• Action item:
Reproduce exactly only the lines from the line that holds "Pin By Aishaalkandari" to the line that holds "sales property at", inclusive, in the listing below, and please leave out every picture.

• Input material:
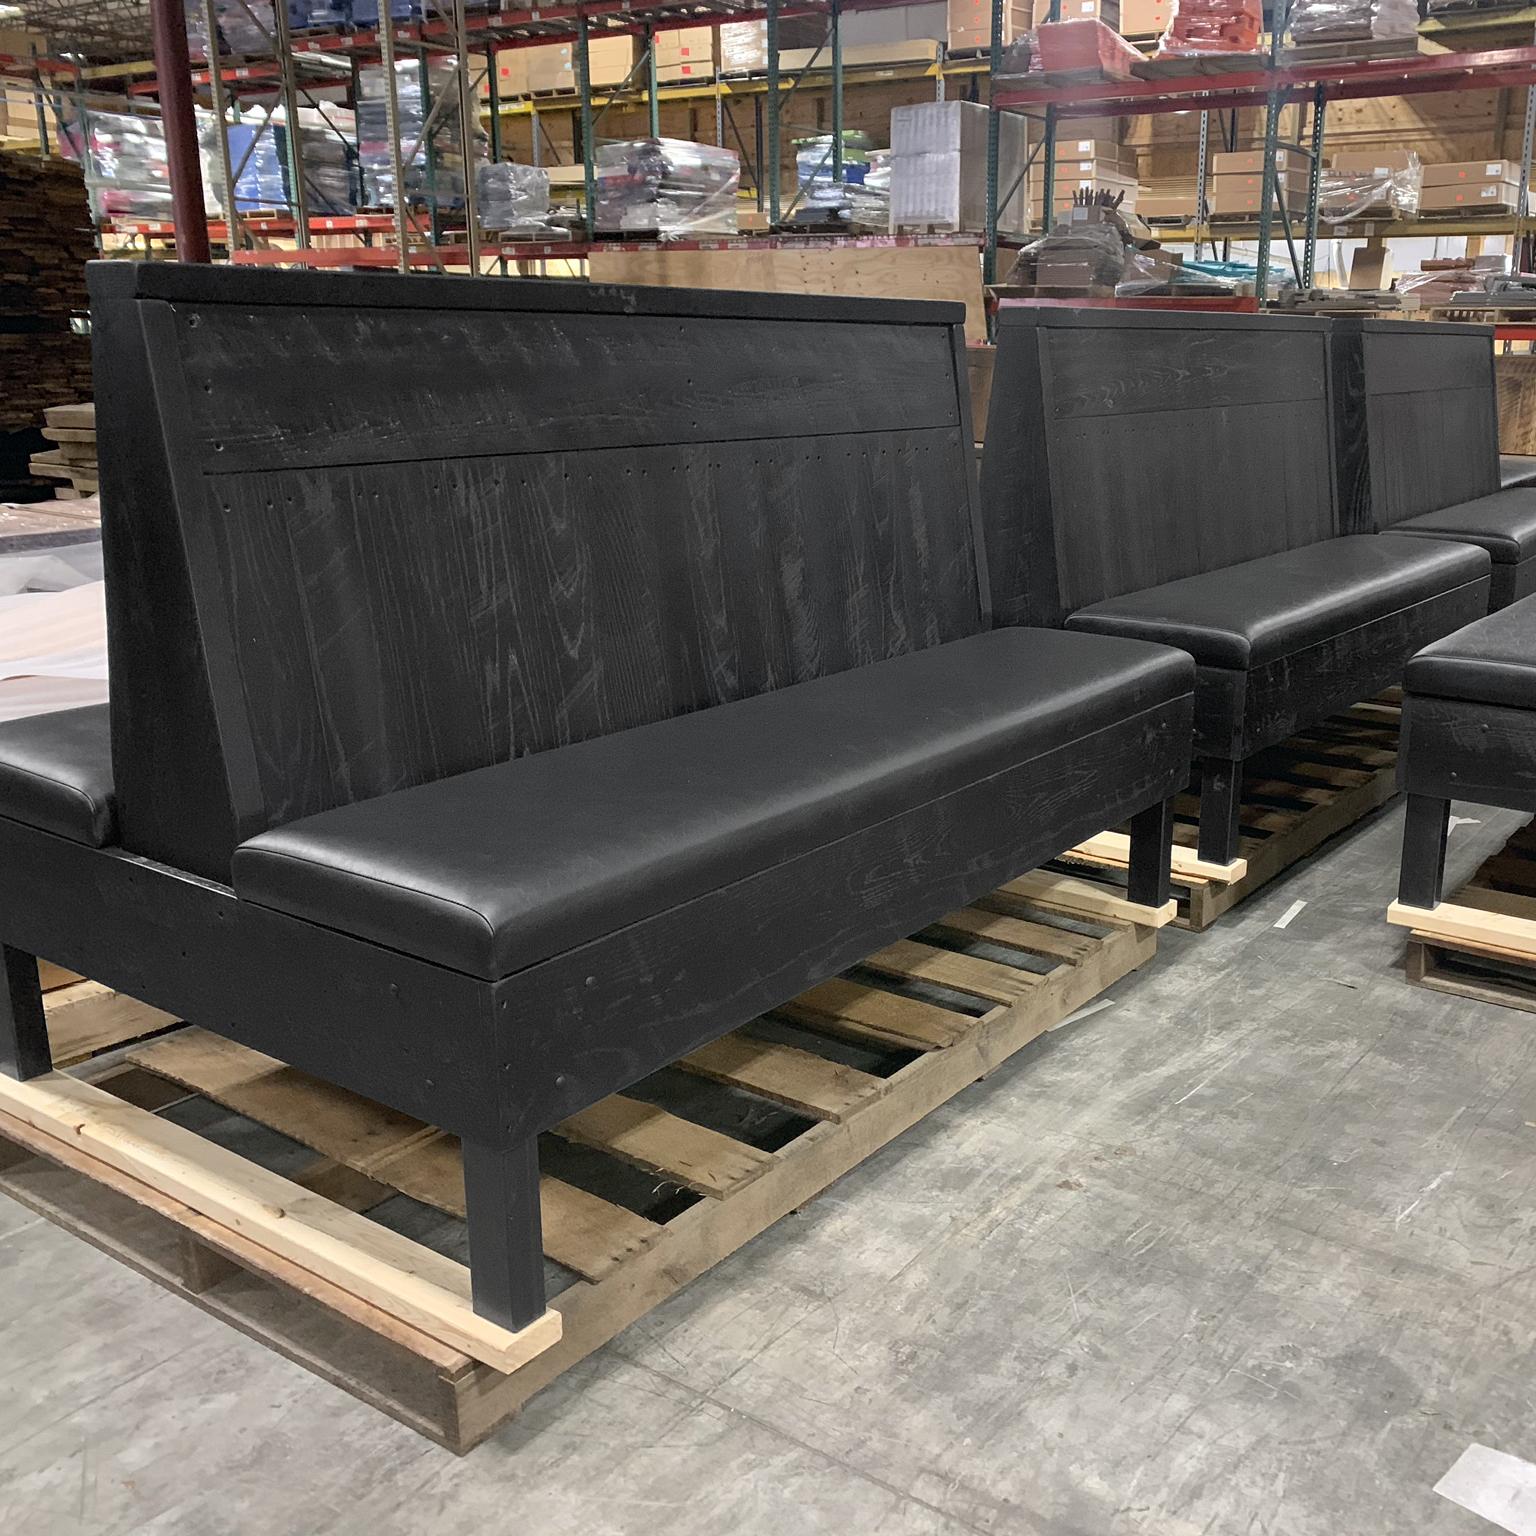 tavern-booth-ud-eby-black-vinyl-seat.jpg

---

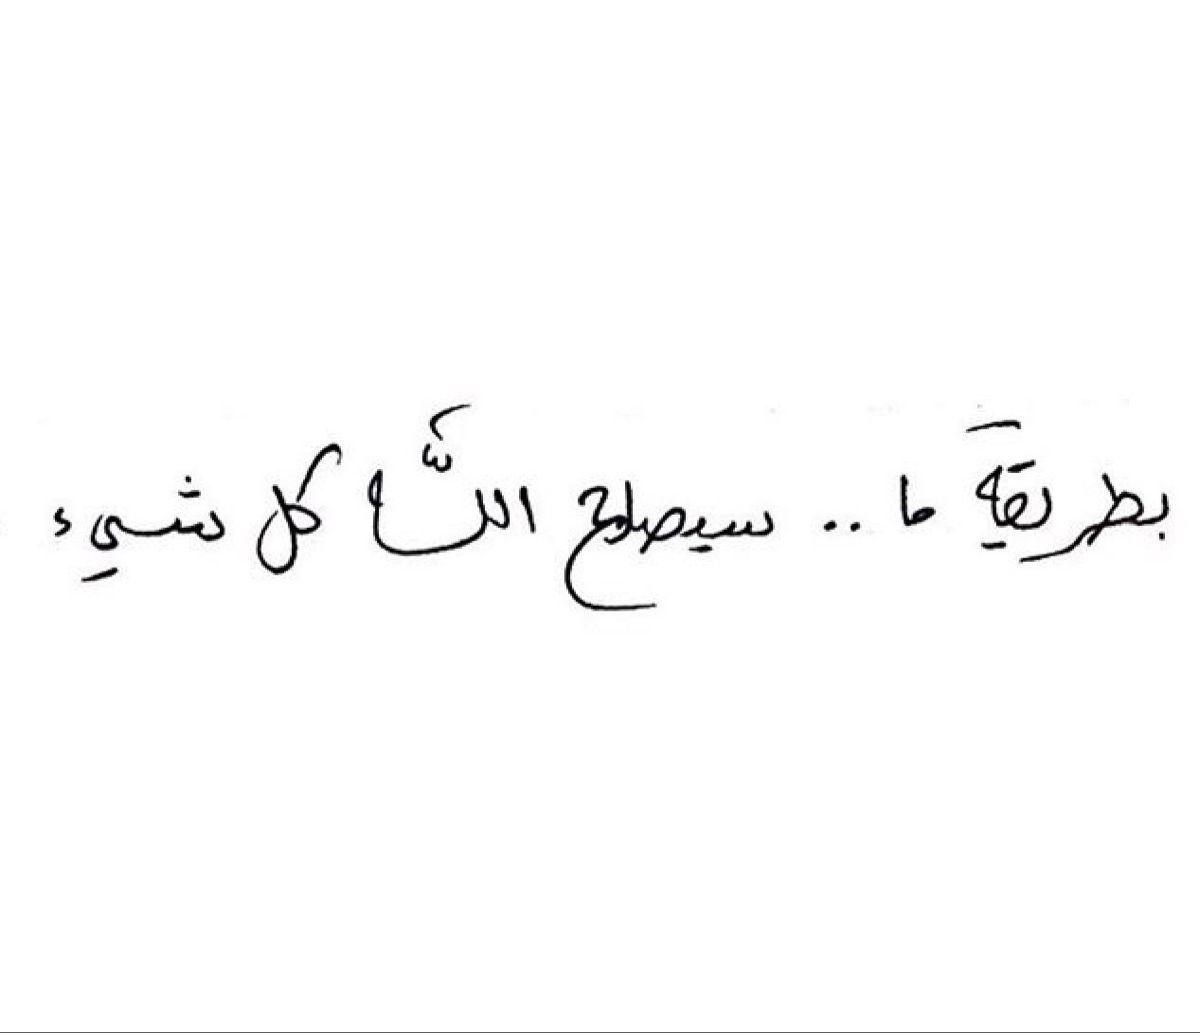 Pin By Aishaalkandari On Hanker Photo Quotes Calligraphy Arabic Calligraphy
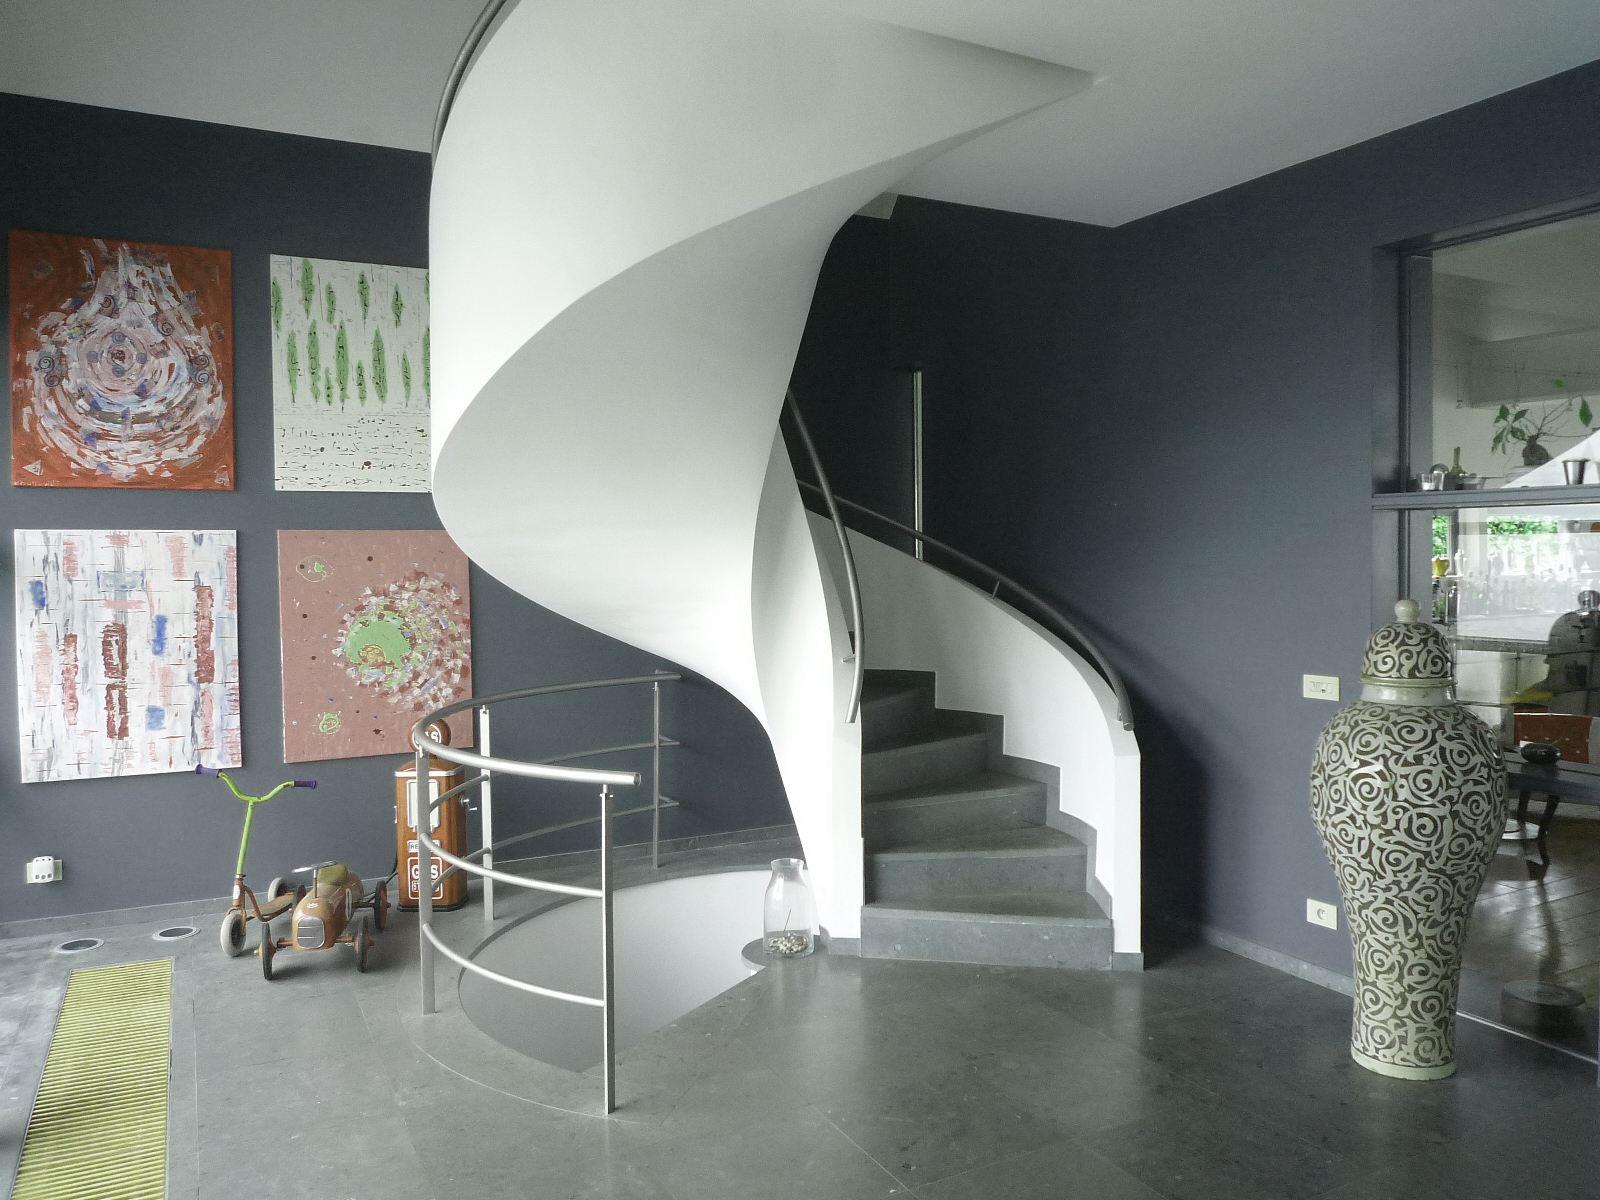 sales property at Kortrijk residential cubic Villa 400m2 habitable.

* * *

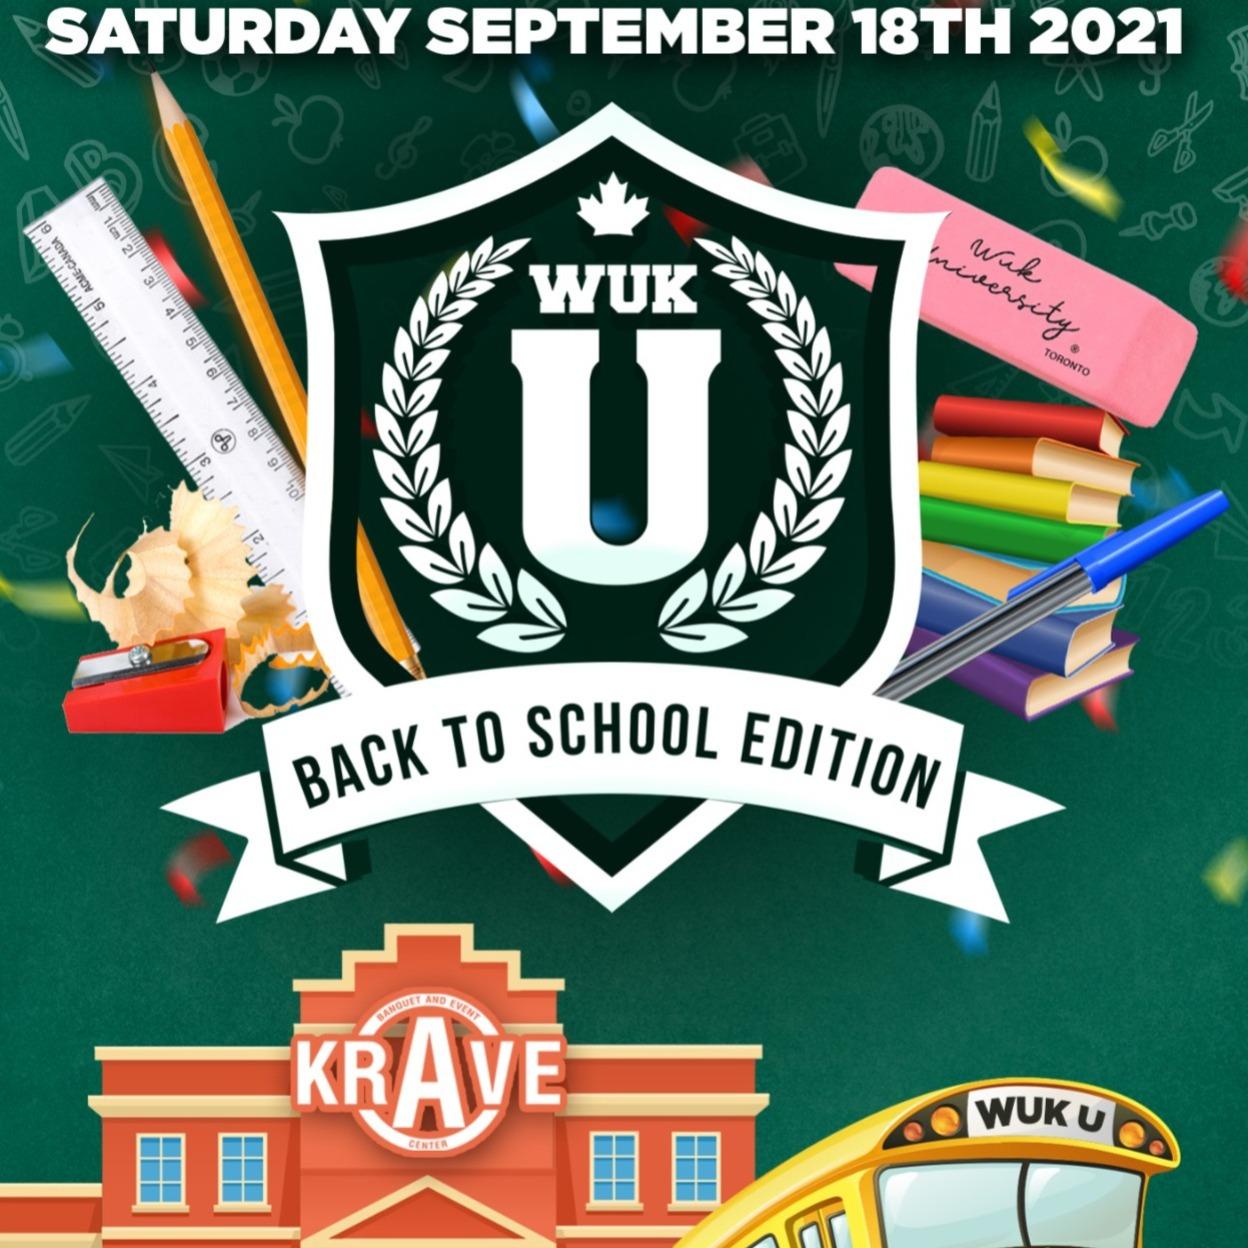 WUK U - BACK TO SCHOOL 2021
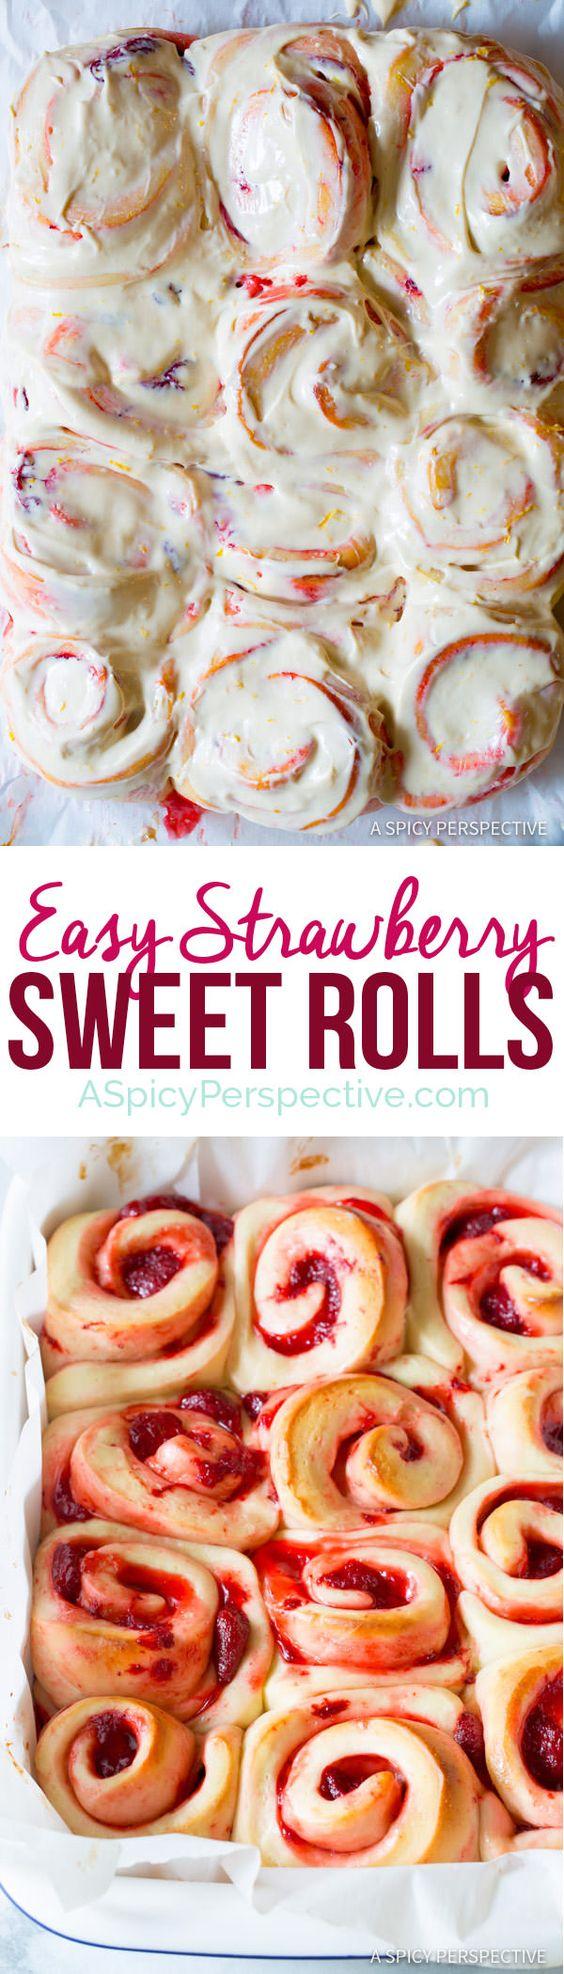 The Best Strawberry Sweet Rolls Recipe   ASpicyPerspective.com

• Your response:
 Pin By Aishaalkandari On Hanker Photo Quotes Calligraphy Arabic Calligraphy
 sales property at Kortrijk residential cubic Villa 400m2 habitable.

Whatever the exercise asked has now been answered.